Kurtuluş TAYİZ
Yaşam biçimlerimiz tehdit altında mı? Türk Hava Yolları’nın uçuşlarda içki yasağı uygulayacağı söylentileri ve kabin görevlileri için hazırlanan yeni kostümlere gösterilen tepki, siyasal iktidarın yaşam tarzlarına müdahalesini yeniden gündeme getirdi. Bu konu aslında AKP’nin iktidara geldiği günden itibaren süregelen bir tartışma. Kabul edelim toplumun azımsanmayacak bir bölümü, siyasal iktidarın “laik-modern” yaşam tarzını kısıtlayacağından endişe ediyor. İçkili mekânların azalması, camilerin çoğalması, kadın özgürlüğünü kısıtlamaya dönük girişimler (veya imalar) dinin hayatta daha fazla görünür olması, bu kesimlerin şikâyet sıralamasında başı çekiyor.
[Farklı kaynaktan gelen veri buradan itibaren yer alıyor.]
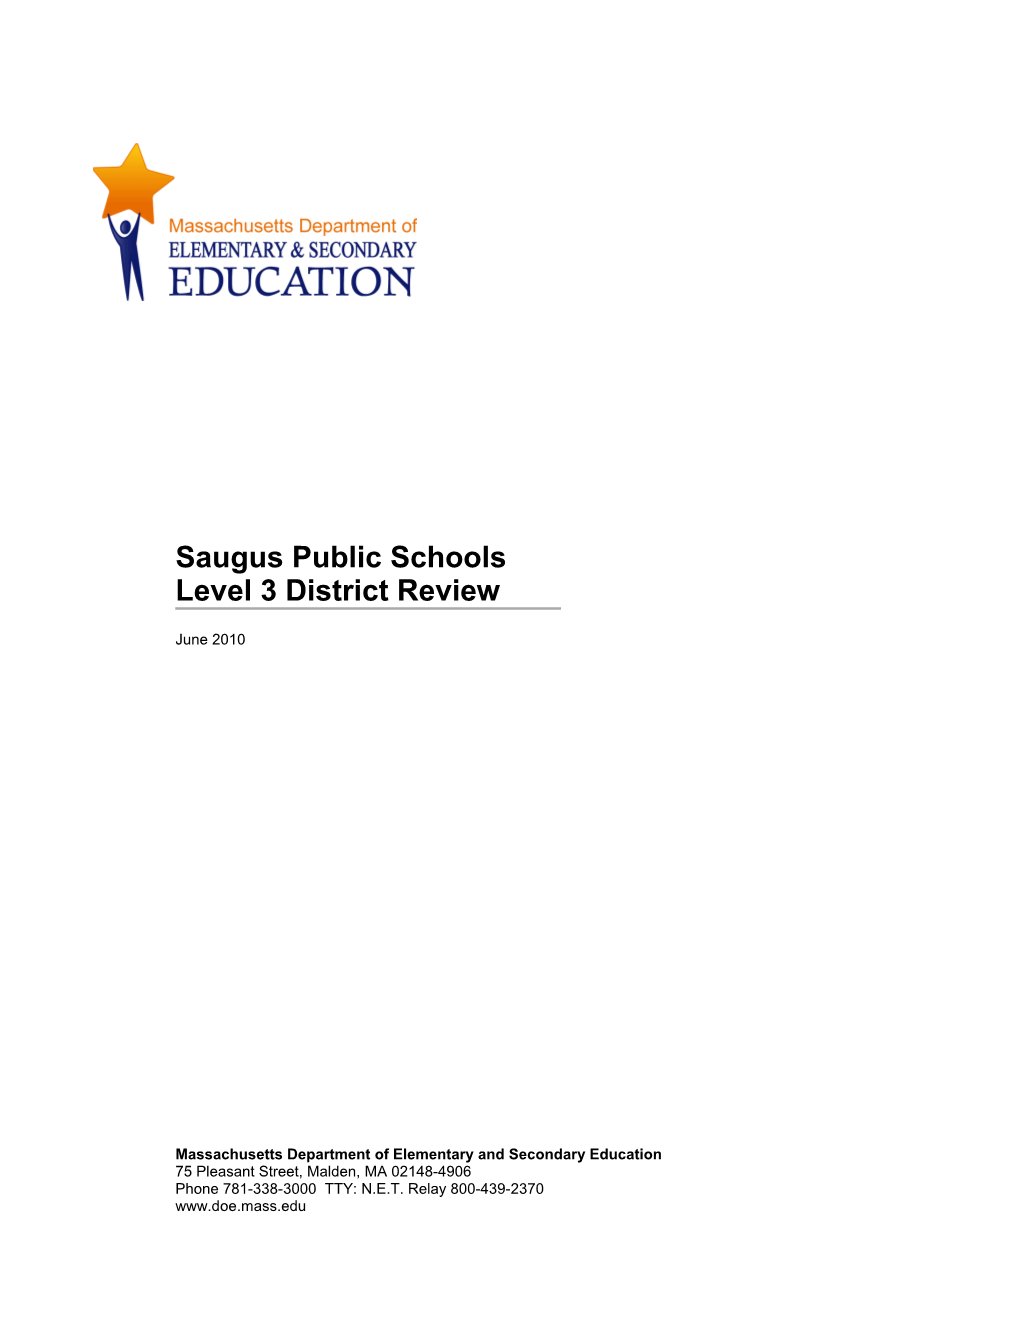 Saugus Public Schools, Level 3 Review Report, June 2010
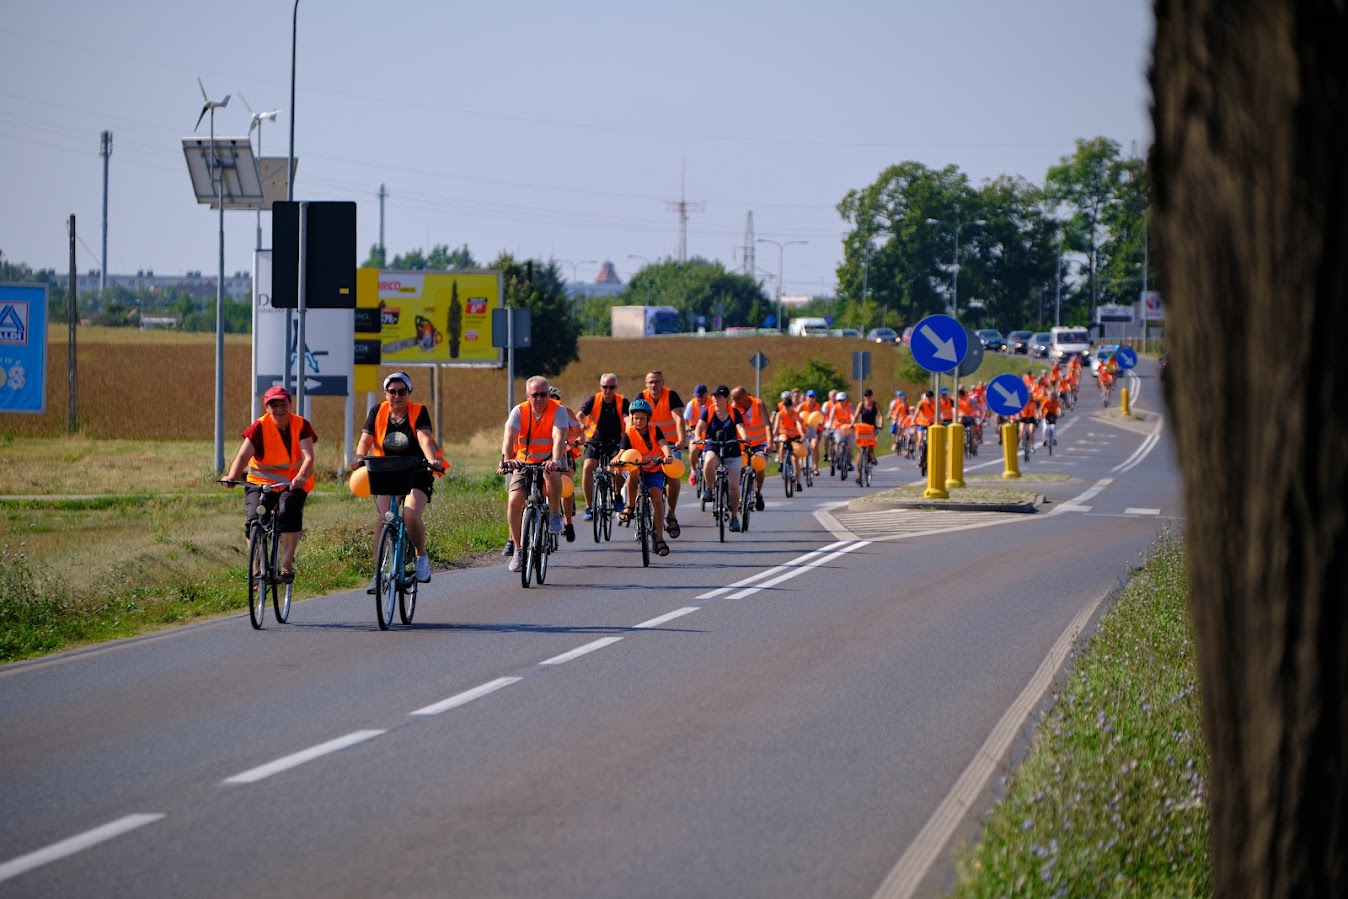 uczestnicy rajdu rowerowego jadą drogą publiczną, wszyscy mają założone pomarańczowe kamizelki odblaskowe z napisem Odjazdowy Bibliotekarz

Kuşkusuz bu kaygı ve endişeler tümüyle haksız sayılmaz...
Ancak burada hissedilir, görünür öfkenin kaynağında bir sapma sözkonusu; bu öfke ve endişe bütünüyle, bu kesimlerin kendi yaşam tarzlarının kısıtlanmasına dönük uygulamalardan doğmuyor, bence daha çok, başka bir yaşam tarzının daha görünür olmasından ve yayılmasından kaynaklanıyor.
Çoğu zaman öfke ve şiddet biçiminde dışavuran bu “endişe” ve “kaygı”lar yaşam biçimlerinin sınırlanmasından değil, bugüne kadar “olmayan”ın, “görünmeyen”in, birden bire hayatın merkezinde baskın figür olarak belirmesinden ileri geliyor.
Siyasal ve sosyal alanda özgürlüklerin son derece dar bir toplumsal çerçeveye göre tanımlandığı eski düzenin sınırları genişliyor. Özgürlük alanı genişledikçe, belli bir toplumsal çevrenin endişe ve kaygıları artıyor.
Ama bu kaygılar daha çok İslami kimlikli siyasal iktidarın görünür kıldığı yaşam tarzının doğrudan laik-modern yaşam tarzını sınırlayacağı, hatta ona özgürlük hakkı tanımayacağı çıkarsaması üzerine kurulu.
Tepkinin odağında siyasi ve toplumsal alanın, eskiden dışlanan geniş kesimlerin paylaşımına açılması var.
Siyasal ve toplumsal hayatın merkezinden dışlanan çoğunluğu oluşturan gruplar, bugün iktidarın kendilerine açtığı yeni alanları dolduruyor. Kalabalık ve dinamikler. Yıllarca dışlanmış olmanın verdiği açgözlülükle sınıf atlamaya çalışıyorlar. Bazıları eski muktedirlere özeniyor, inkâr etmemek lazım, becerikliler.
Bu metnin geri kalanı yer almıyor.